Took my parents a long time to learn their lesson. Don’t follow a great example of the breed with another of the same breed. They got another German Shephard after Mattie. Well, that worked out. Give me a minute. It didn’t work out in the Irish Setter category.
Maggie was everything Katie was not. Huge, gorgeous in fact, headstrong, not unintelligent but frankly untrainable. Only had her two years. Thinking somebody hijacked her. She was that perfect a specimen. But we kids loved her.
Before she was two, she weighed eighty pounds. I used to wrestle with her with all my might, and she never even bruised me.

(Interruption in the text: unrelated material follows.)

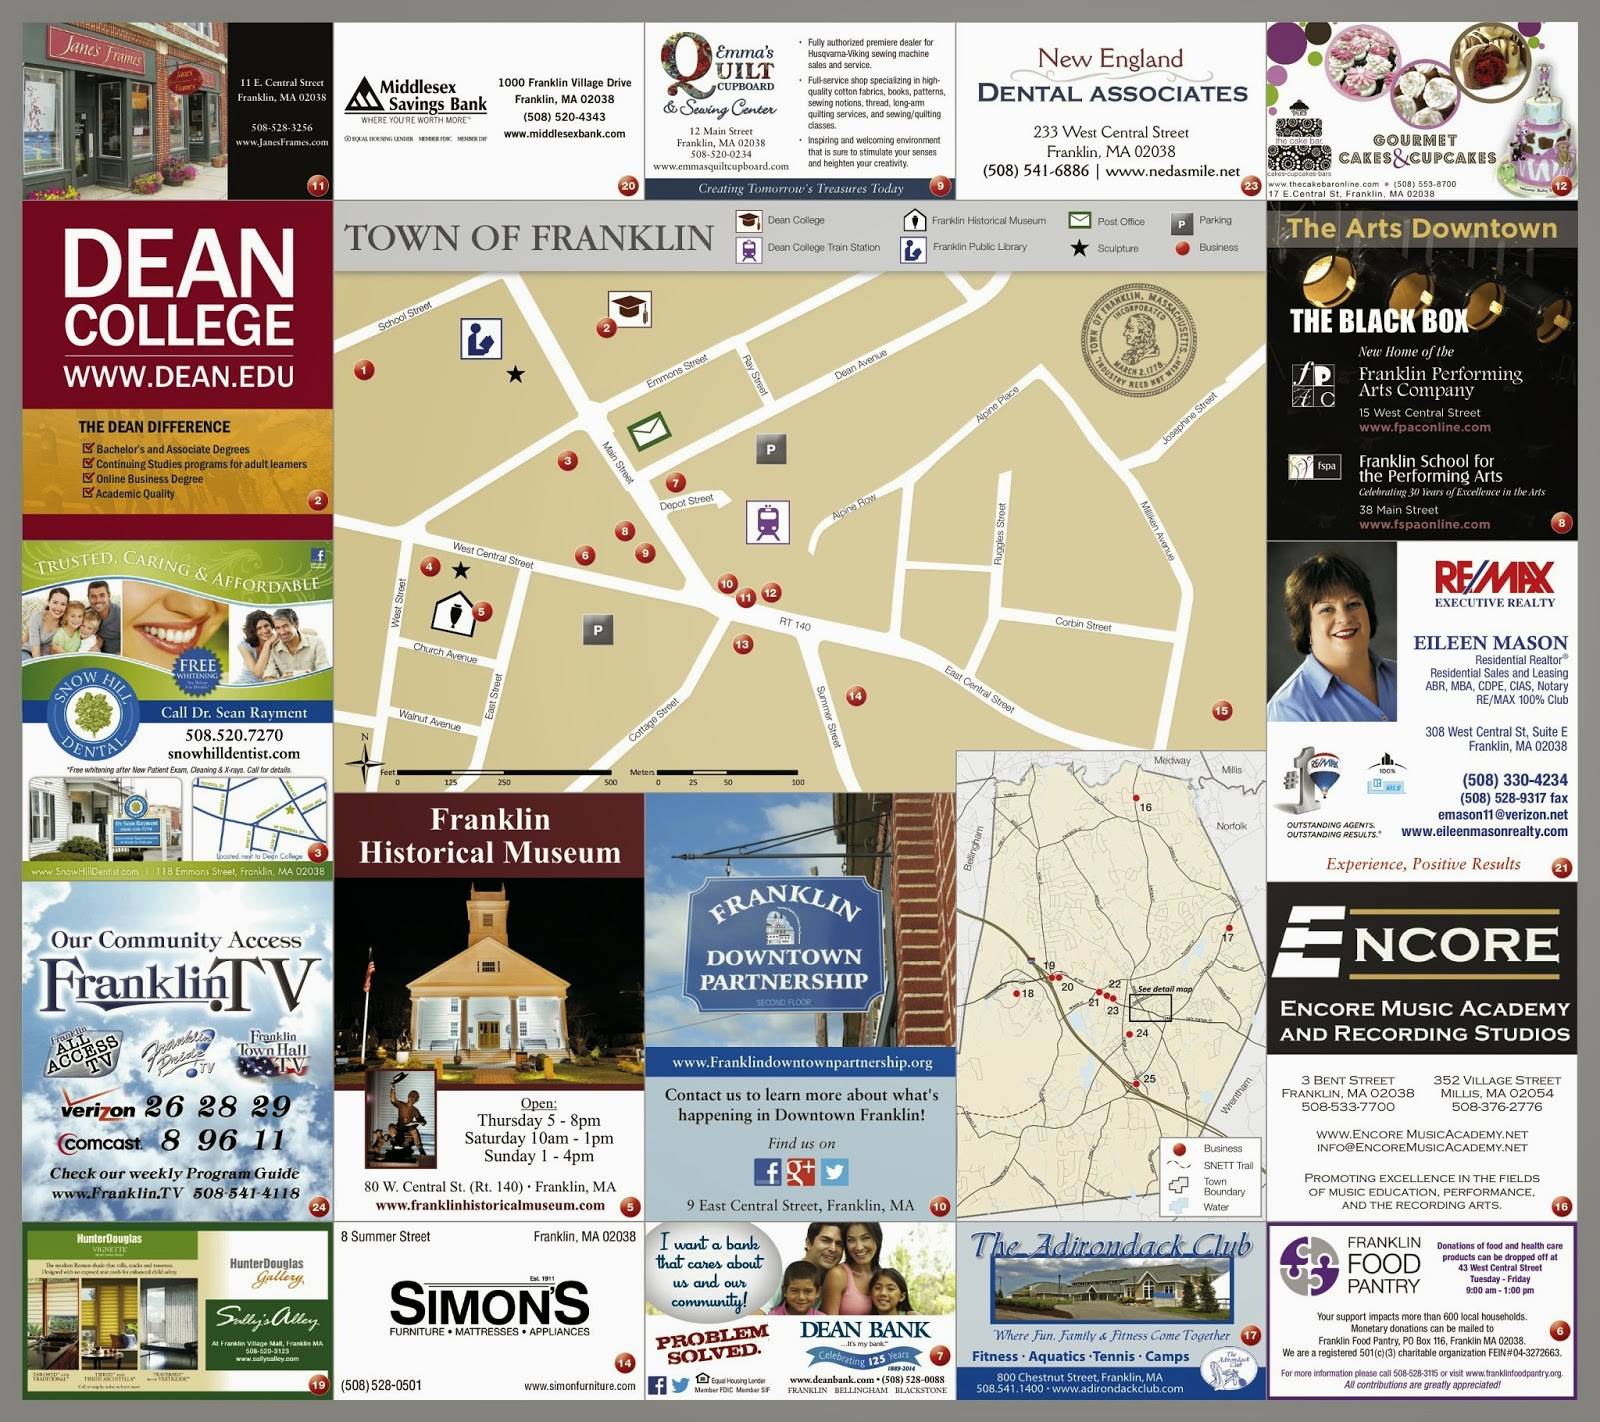 Franklin Downtown Partnership brochure - p2

And God how she could run. We lived in the country, as I’ve said, and her passion was to chase cars. Ours, the neighbors’, total strangers, she had it in her blood. We were afraid she’d get killed. My mother consulted the Hines’s handyman Nelson. He said, “Get a rope, a long rope, attach it to her collar, and when she gets to the end of it, it will jerk her up short. She’ll learn.”
So we attached the rope to Maggie’s collar and the other end to a giant Sycamore tree. We waited. A pickup truck went by, rattling but hardly speeding. Maggie took off. The rope parted like — no, it didn’t part, it burst — like a 4th of July firecracker. Pop! And it was done. She always came back. Winning was the thing. She wasn’t trying to hitch a ride to San Francisco.
So my mother consulted Nelson again. He said, “Go to Hitchners Hardware. They got chains.” She got a chain. Attach to Maggie, sycamore.
Not even a pop this time. Parted without a sound.
Second chain, heavier. You know. Serious this time. Maggie through it like butter.
Third chain. Real links this time. Like you’d use on a winch, a tractor, a truck. Buuuuuttttteeeeerrrrr! Done.
So the guy at Hitchners says, “What kinda animal you got, lady? Don’t got a bigger chain.”
We gave up on the car chasing. My last beautiful memory of Maggie. Huge snowstorm. No power at all in Greenwich Township. So we had to make a run for it to Salem, home of impervious grandparents. We load the four of us and supplies in the car, reserving space for Maggie.
No. She’d prefer to chase.
One, two, three, four miles of icy roads she chased us at about 40 mph. We could look back and see her, beautiful and bent on her mission the whole way. Nobody loves greyhounds more than I do, but no grey could have kept up with Maggie that day. My dad was stubborn. But even he knew when to quit. There was a crossroad ahead of us we needed to go through. He turned right and waited. One minute, two. Maggie went galloping through on three legs without ever seeing us.
The intersection was the crest of a shallow hill. When Maggie hit the crest, she could see she had lost us and she stopped. She turned around. When dad restarted the motor and beckoned her in, she came like a lamb.
Only months later that she disappeared without a trace. We looked and looked and looked, but they don’t put Irish Setters on milk cartons. Wish they did. To this day. Loved that girl.